The study was done largely before the COVID-19 pandemic hit the United States, but based on additional J.D. Power research conducted from March 15 to May 1, 75% of U.S. health insurance members are aware of telehealth, yet 54% do not understand if telehealth services are offered as part of their healthcare benefits.
The study measured customer satisfaction with commercial member health plans in 21 geographic regions. Highest-ranking health plans with scores of over 750 were:
- California: Kaiser Foundation Health Plan (784)
- East South Central: Blue Cross and Blue Shield of Alabama (761)
- Florida: Humana (783)
- Maryland: Kaiser Foundation Health Plan (802)
- New York: Independent Health Association (783)
- South Atlantic: Kaiser Foundation Health Plan (791)
- Texas: Humana (797)
WHY THIS MATTERS
The results send a pretty big warning to traditional health insurers, J.D. Power said, and makes the industry ripe for disruption from a growing crop of alternative health insurance providers.
THE LARGER TREND
The U.S. Commercial Member Health Plan Study, now in its 14th year, measures satisfaction among members of 149 health plans in 21 regions throughout the United States by examining six key factors: billing and payment, cost, coverage and benefits, customer service, information and communication, and provider choice.
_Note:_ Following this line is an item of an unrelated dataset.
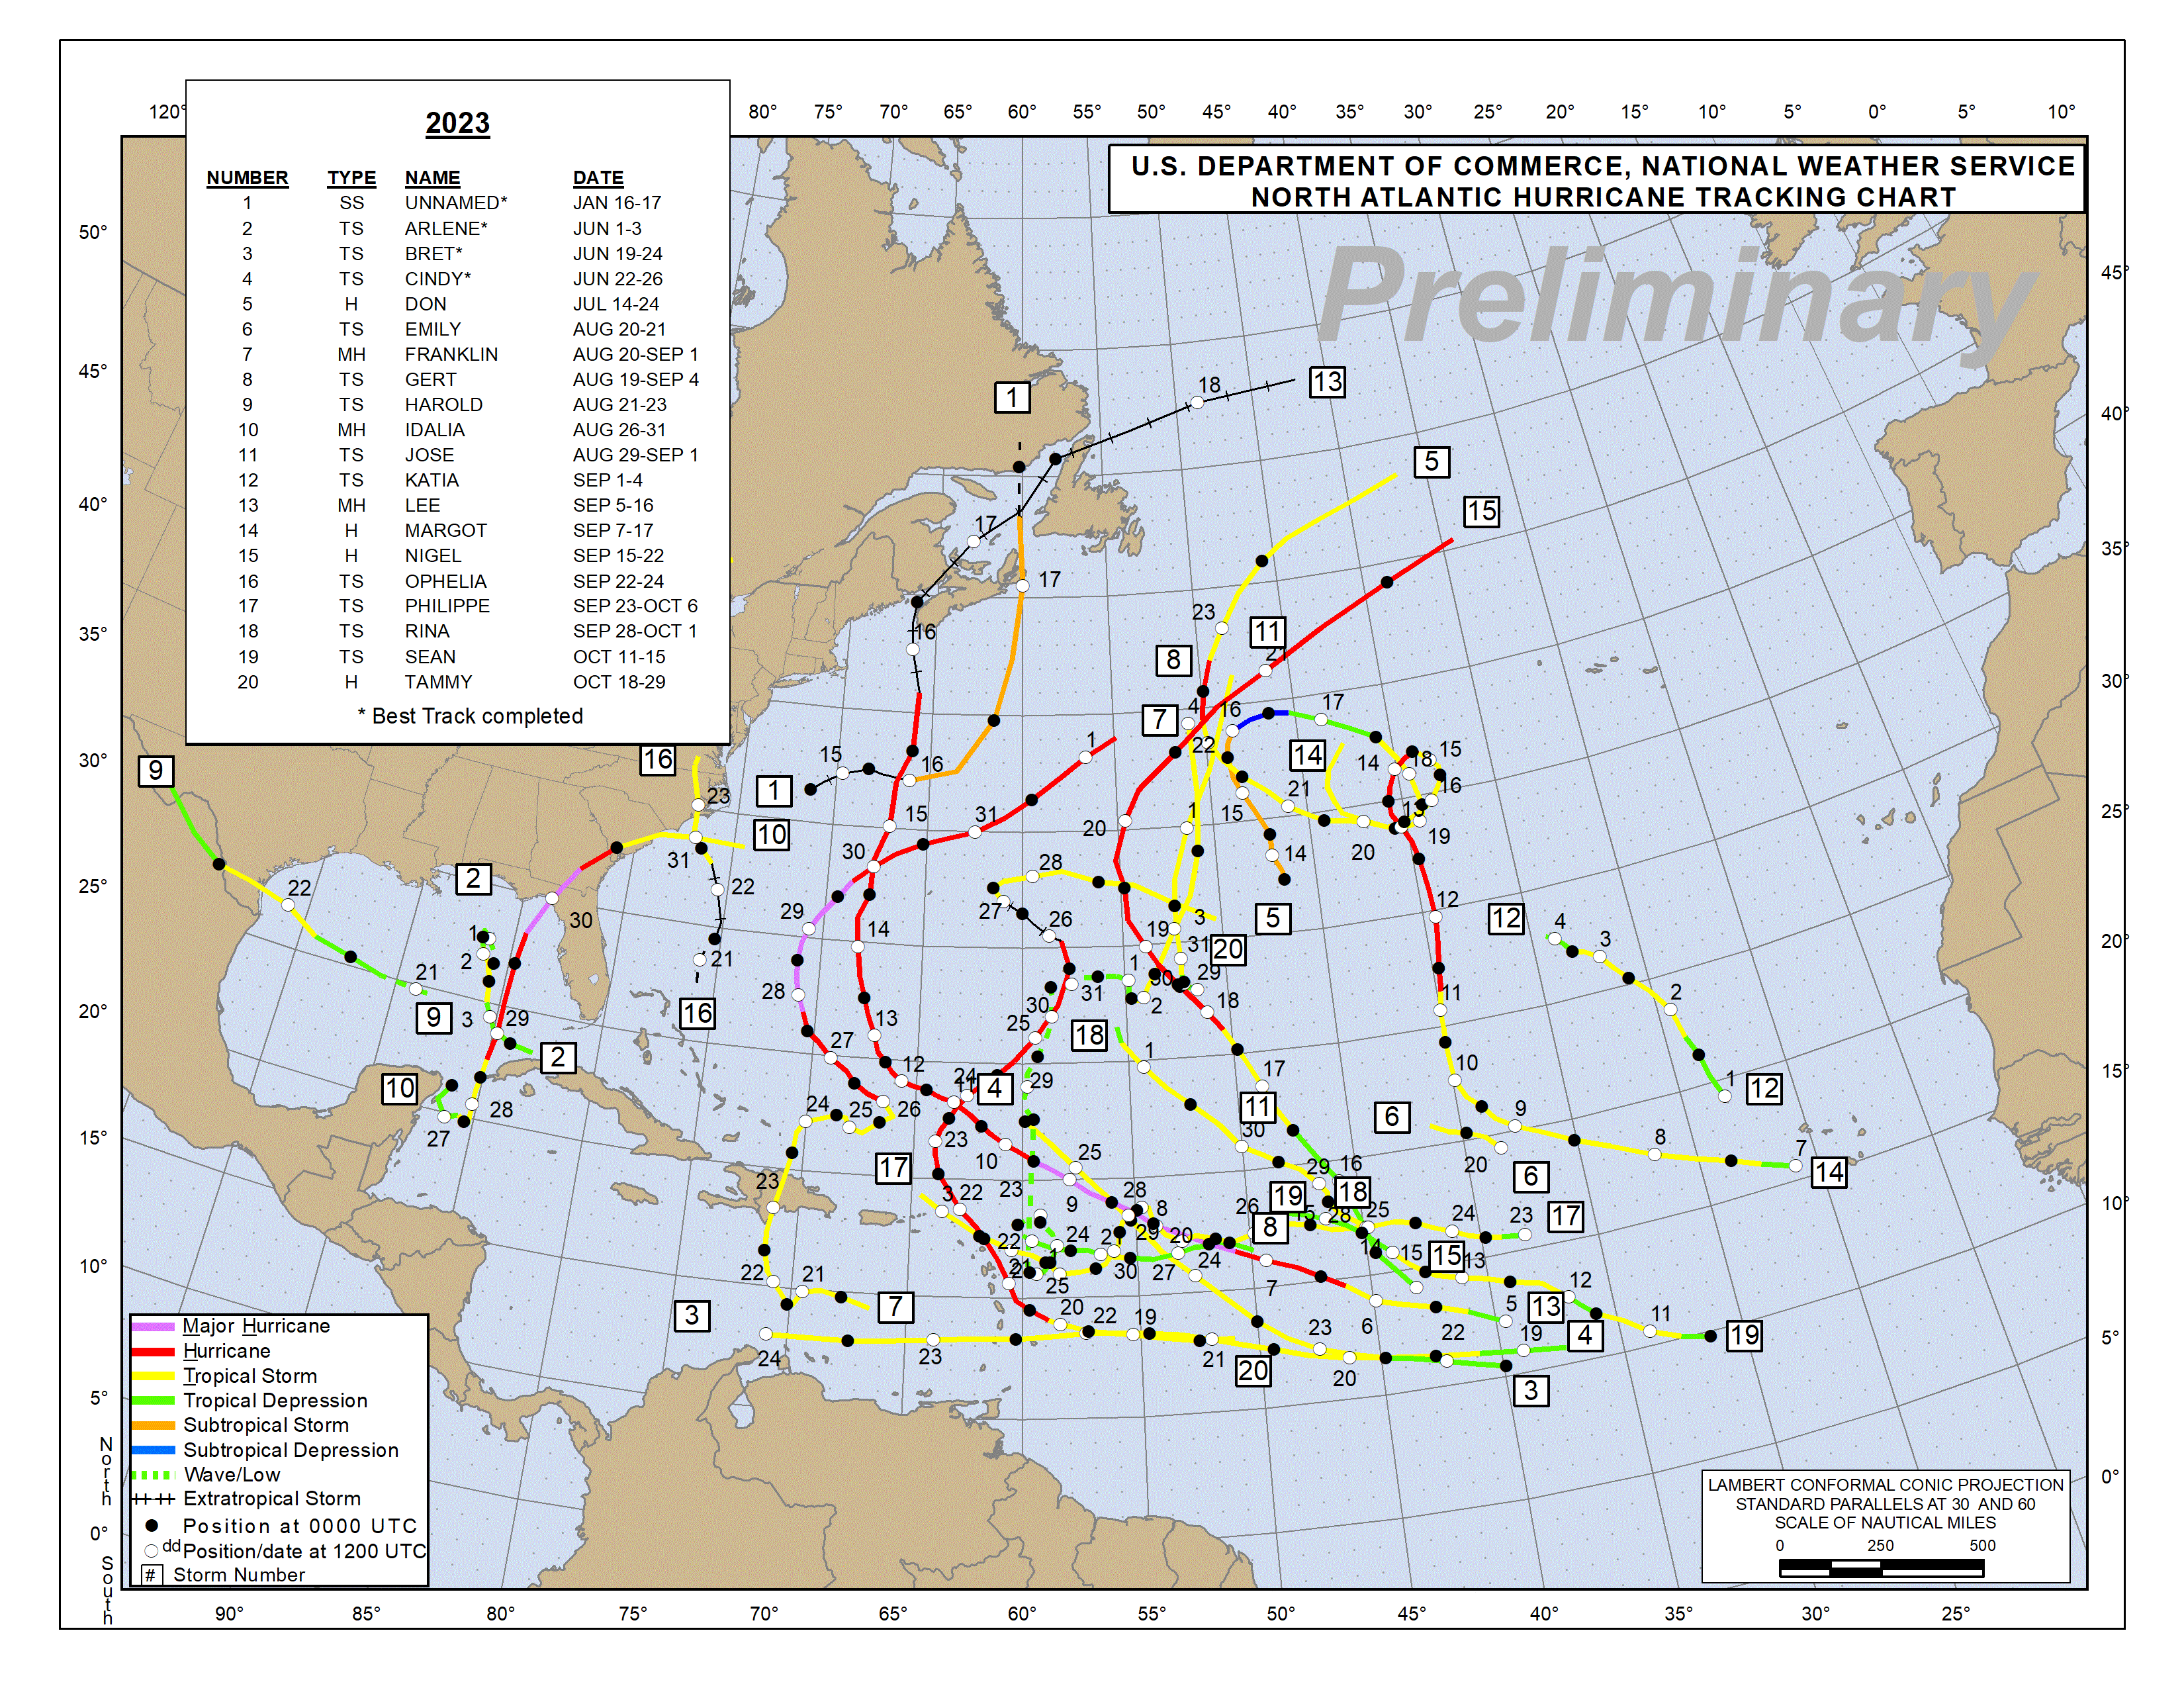 2017 Tropical Cyclone Tracks

The study also measures several other key aspects of the experience and member engagement.
The study is based on responses from 31,283 commercial health plan members from January through March 2020.
ON THE RECORD
"Health plans are widely perceived as lacking a customer-centric mindset and not putting the best interests of their members first," said James Beem, managing director for global healthcare intelligence at J.D. Power. "The COVID-19 pandemic has amplified these shortcomings, but they are not new. If traditional health insurance plans want to resist the threat from disruptors, they need to demonstrate partnership with members – and on behalf of employers – to improve member health, reduce costs and help members navigate the healthcare system."